AFAIK, the Constitution in most Latin American countries does not touch the subject of weapons, in the same way it does not detail say in vitro fertilization regulations. It has overall patterns, AFAIK, that can be applied.
Moreover, we have been at war either with ourselves or someone else since…before becoming nations. Have I told you about our generala who sank a whole US fleet? Clever woman she was. Last time we defeated the US fighting more or less with the same weapons. Then we were caught in debt and to this day, 60% or more of GDP goes to pay the colonial tax, eh external debt. No need for guns no more.
I come from a line of pacifists. My grandpa, who was a famous skilled hunter, took his rifle and hunting dogs, along with my uncle’s and all male family to the mountains, to avoid fighting in our first civil war. No sense dying for someone else, was his motto.
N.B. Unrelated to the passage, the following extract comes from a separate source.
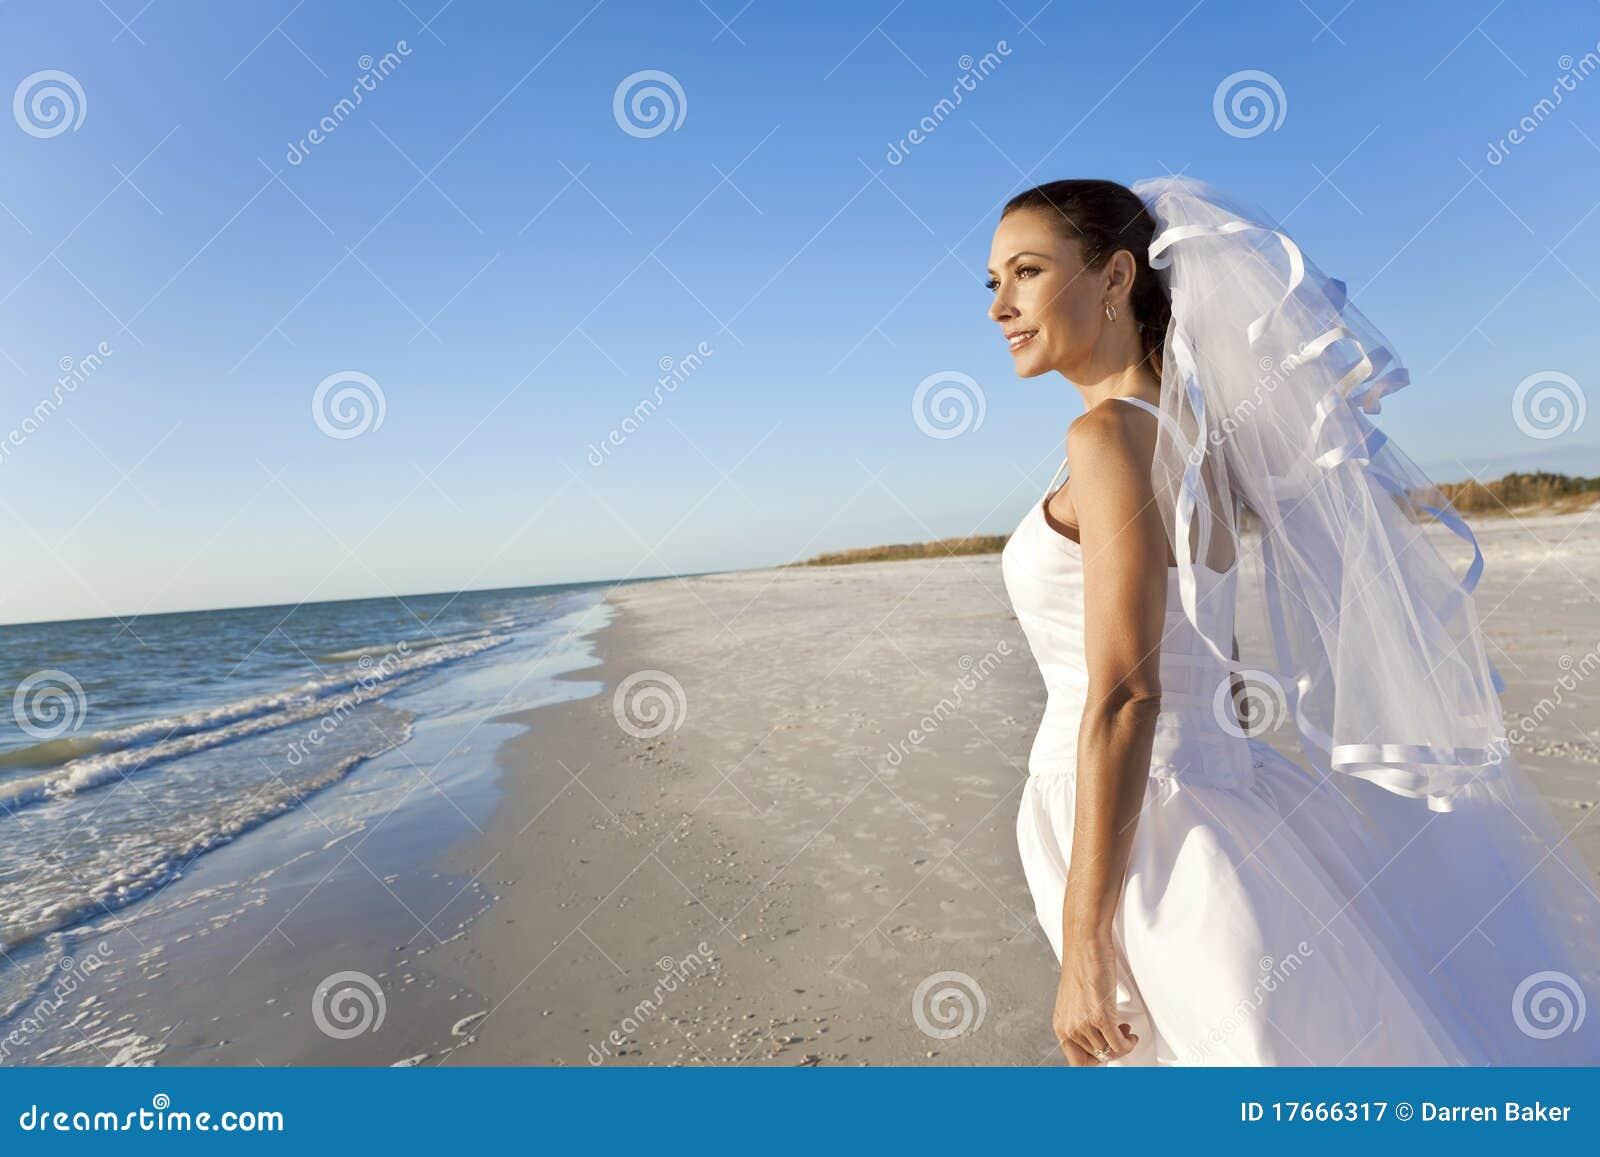 Bride at Beach Wedding

We have tried to follow it.
One of my definite experiences with gun was watching a supreme judge kill a young student who questioned his ethics, which truth be told, were non existent. He never saw a day in jail.He had the patience to leave the country club everyone was at, go home, take and load the gun, come back, pull the trigger. Defense argued being drunk.
And taking about drunk, one of my classmates was killed by a drugged up gringo, who was shooting wildly from his rooftop. We cannot process US citizens, he walked free.
So I do not believe in justice whether by law or guns. There is resolution, but the results vary. My experience is no different from the angry favelas dwellers in Venezuela. Maybe the difference is all they have is anger and an AR15, while I had a dream to study Chinese.